Après deux années de disette, les investissements des entreprises sont repartis en fin d'année dernière en France, un signal positif mais qui n'annonce pas encore de véritable redémarrage de la machine productive française, selon les économistes.
Dans le jargon de l'Insee, qui a fait état vendredi d'une croissance un peu meilleure que prévu en France en 2013, de 0,3%, cette reprise des investissements correspond à une progression de la "Formation brute de capital fixe" (FBCF) de 0,6% au quatrième trimestre, après "sept trimestres consécutifs de recul".
Dans le détail, cette progression est portée quasiment à égalité par l'investissement du secteur public (+1,1%) et par celui des entreprises (+0,9%), tandis que l'investissement des ménages reculait de 0,1%.
Sur la totalité de l'année 2013 toutefois, la FBCF accuse dans son ensemble un recul de 2,1%, se décomposant comme suit: -2,3% pour les entreprises, -3,8% pour les ménages et +1,4% pour les administrations publiques.
Pour Frédérik Ducrozet, économiste de la banque d'investissement de Crédit agricole, dans l'ensemble c'est "une bonne surprise".
"L'investissement était contraint en France et reste contraint par un certain nombre de facteurs en termes d'offre comme de demande: à la fois pas trop de débouchés, des entreprises frileuses, peut-être certaines pour les petites et moyennes entreprises qui ont du mal à accéder au crédit. Là c'est vraiment enfin un rebond", estime-t-il.

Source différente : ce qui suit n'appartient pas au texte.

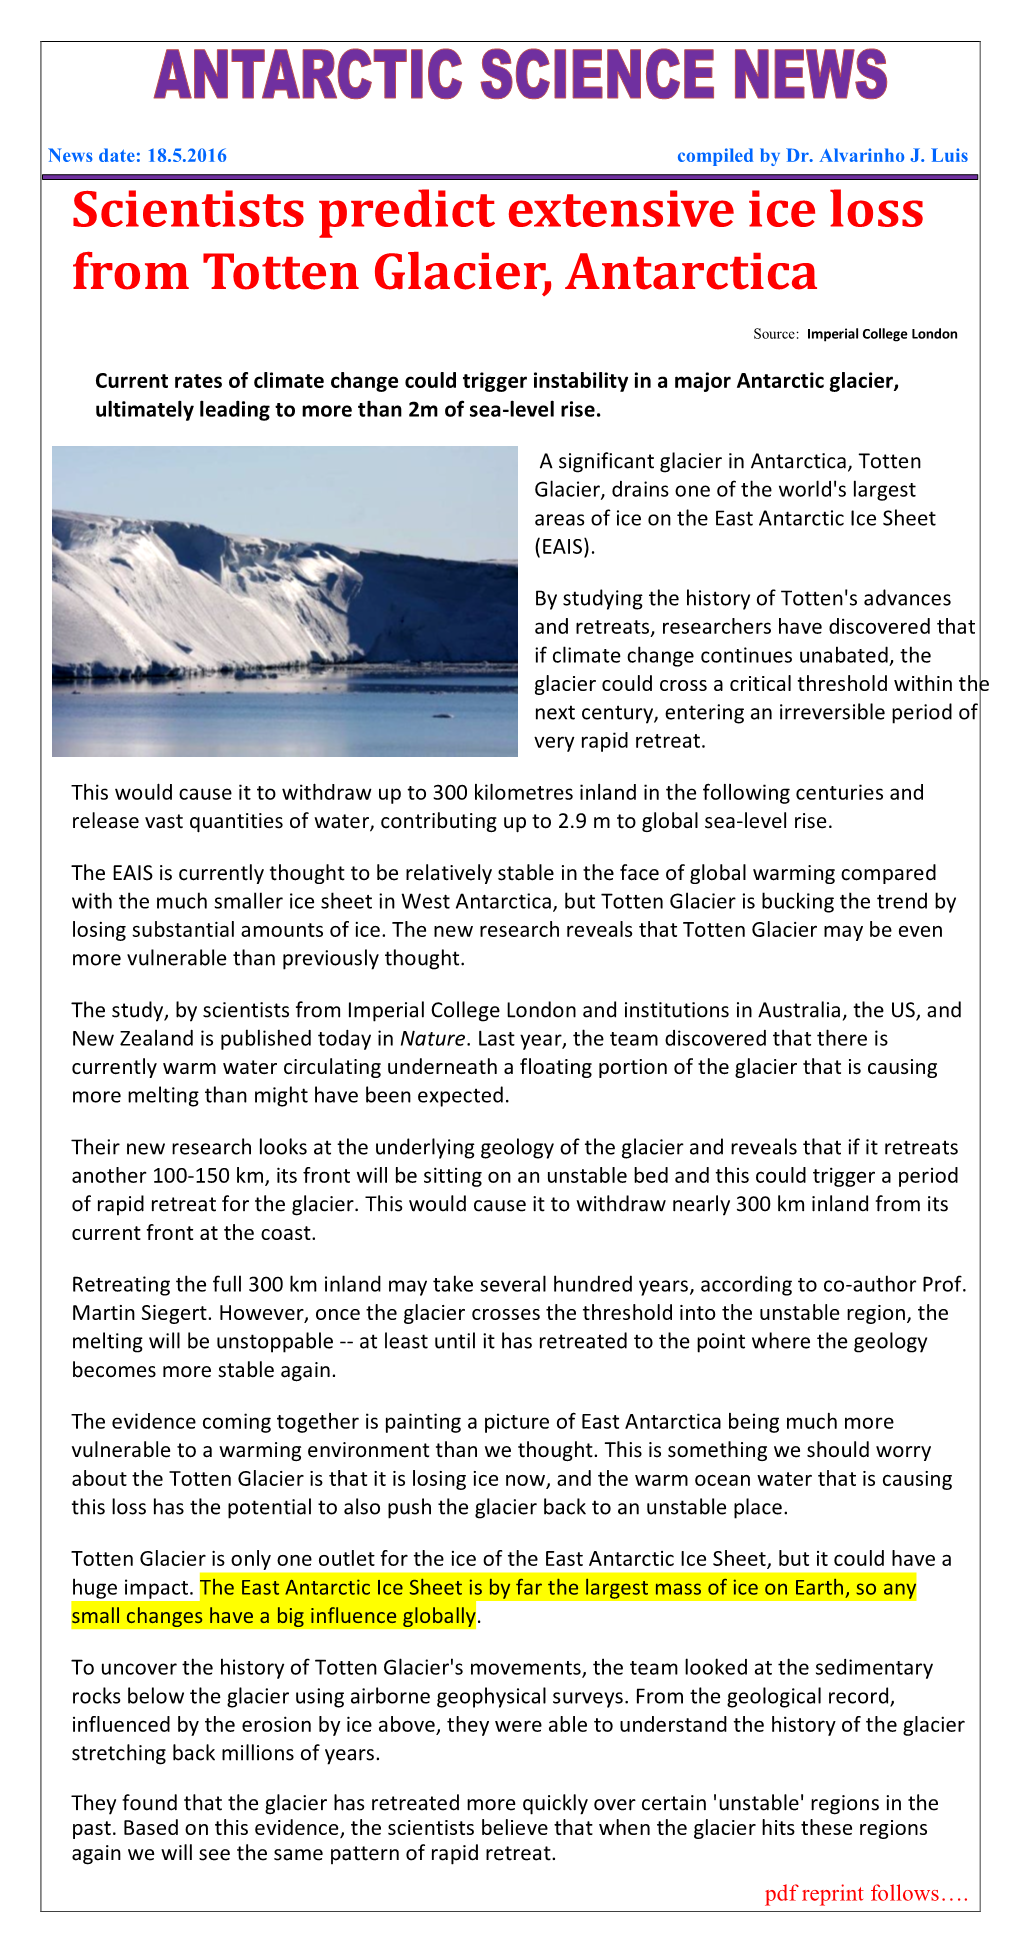 Scientists Predict Extensive Ice Loss from Totten Glacier, Antarctica

L'économiste, qui attend un "tassement", avertit toutefois que "l'investissement ne peut pas croître comme ça à plus de 2% l'an"
- Grande prudence -
Pour Michel Martinez, à la Société Générale, l'investissement est "un paramètre essentiel dans l'équation, difficile à prévoir. C'est de là que peuvent venir les bonnes surprises".
Il table de son côté, pour les investissements des seules entreprises privées, sur une reprise "assez modérée", avec une progression "entre 1 et 2%" sur l'ensemble de 2014. "C'est positif mais ce n'est pas ce qu'on appelle une reprise cyclique", avec une hausse des investissements autour de 5%, conclut l'économiste
Alexandre Delaigue, professeur d'économie à l'école militaire de Saint-Cyr et blogueur, appelle lui à une "grande prudence" dans l'interprétation de ces chiffres d'investissement.
"Quand vous avez comme en France une longue période pendant laquelle les entreprises attendent et reportent leur investissement, au bout d'un moment, cela repart, c'est inéluctable. Il faut bien reconstituer le stock de capital", estime-t-il.
Pour M. Delaigue, "la croissance ne va pas repartir toute seule", à moins d'un bouleversement technologique majeur qui doperait la demande dans le monde entier, comme à la fin des années 1990.
D'où, selon lui, une responsabilité accrue du gouvernement: "avec des taux d'intérêt si bas", d'un peu plus de 2% à deux ans, "on pourrait financer de grandes réformes, des investissements" en ouvrant les vannes de la dette.
Xavier Timbeau, qui dirige la recherche économique à l'Observatoire français des conjonctures économiques (OFCE), affirme de son côté: "Le risque c'est une reprise molle avec des entreprises qui absorbent doucement leurs sureffectifs et rétablissent leur marge mais sans effet significatif sur l'emploi".
"Il ne faut pas s'enfermer dans une spirale de l'austérité", juge-t-il.
"Il faut enfoncer le clou, aller vite sur le Pacte de responsabilité (annoncé par le président de la République François Hollande) pour que le cycle économique en France décolle vraiment sur la base de l'investissement", assure pour sa part Philippe Waechter, directeur des études économiques de Natixis Asset Management.
L'hypothèse d'une croissance durablement molle n'inquiète pas qu'en France ou en Europe. En fin d'année dernière, Lawrence Summers, ancien secrétaire américain au Trésor et candidat malheureux à la présidence de la Réserve fédérale américaine (Fed), avait marqué les esprits en parlant d'une "stagnation séculaire" qui pourrait "être la nouvelle norme" pour les Etats-Unis et d'autres grandes économies.